Boston to Transform City Heating Using the Charles River

The city of Boston is exploring ways to tap the Charles River’s capacity to generate a low-carbon, low-cost heating source for the city. Last November, Canary Media reported that Vicinity…

A layer of snow and ice covers the Charles River

(Photo by Jared Wickerham/Getty Images)

The city of Boston is exploring ways to tap the Charles River's capacity to generate a low-carbon, low-cost heating source for the city.

Last November, Canary Media reported that Vicinity Energy is leading the transformation of Boston's century-old steam heating network. The company is currently replacing gas with electric boilers and large-scale heat pumps to extract warmth from the Charles River. This approach would allow Boston to  "heat millions of square feet of the city's buildings," according to a report by The Cool Down.
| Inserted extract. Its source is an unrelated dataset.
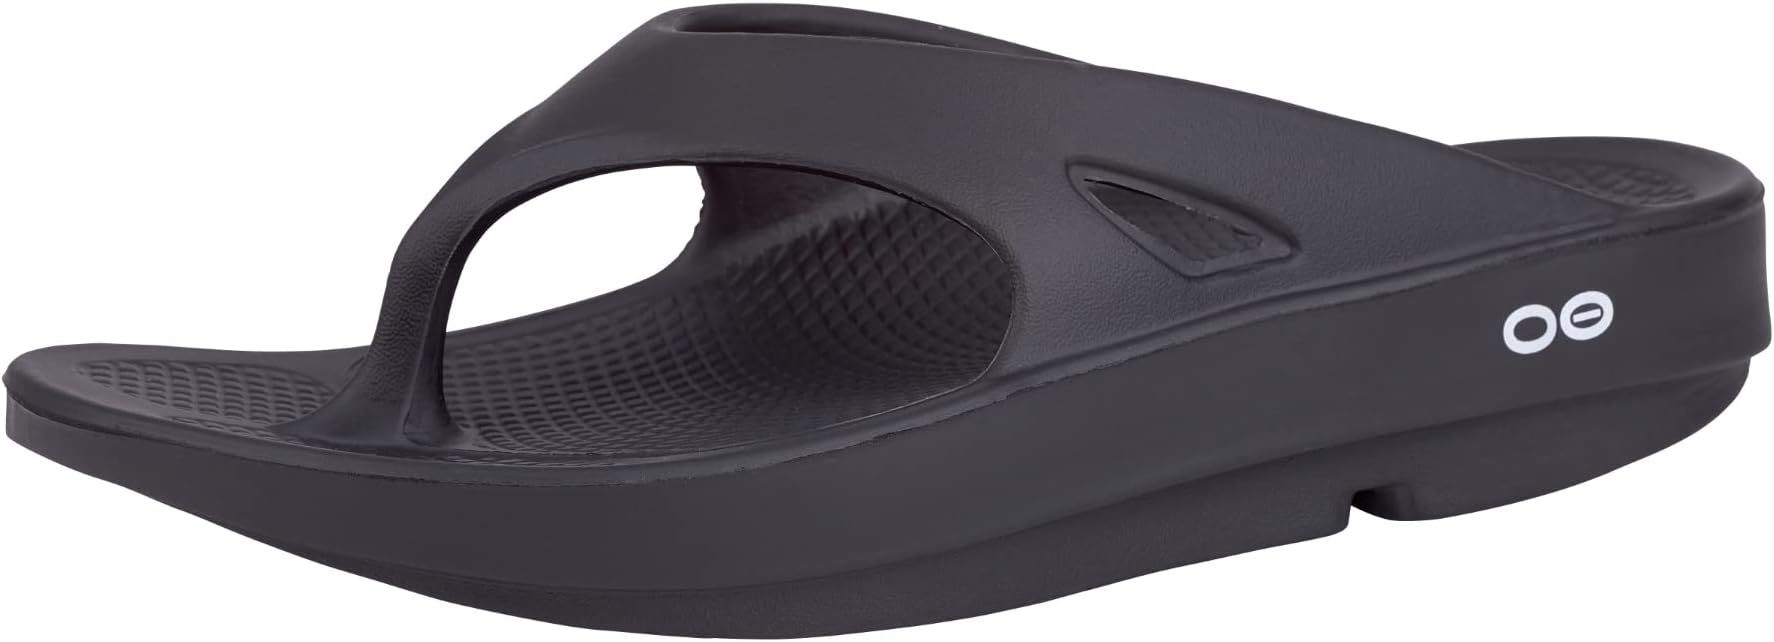 OOFOS OOriginal Sandal - Lightweight Recovery Footwear - Reduces Stress on Feet, Joints & Back - ... | Amazon (US)

The project aims to decarbonize urban heating, reduce air pollution, and serve as a model for other cities. Completion is anticipated around mid-2028.

“That project was greenlit this summertime,” Vicinity Energy CEO Kevin Hagerty told Canary Media in 2025. “We're anticipating that being completed midway through 2028. We'll turn the heat pump on and turn the Charles River into a renewable energy resource.”

For customers in Cambridge and Boston, Vicinity's “eSteam” plan is a sensible idea, Hagerty said. According to Hagerty, Massachusetts has established regulations to expand its supply of carbon-free electricity and reduce its reliance on fossil fuels in buildings. 

Last year, according to Canary Media, Vicinity Energy completed the installation of a 42-megawatt electric boiler at its Kendall facility. Earlier this year, the company unveiled plans to install a 35-megawatt industrial heat pump from Everllence, a German energy systems manufacturer.

According to Hagerty, the industrial heat pump draws on the river water's latent thermal energy to raise temperatures to the boiling point within the Kendall facility's steam-generation complex. The technology can operate even during the winter months because the low-temperature refrigerant it uses is much colder than the ice-cold Charles. That contrast creates a temperature differential that the heat pump can use to produce steam.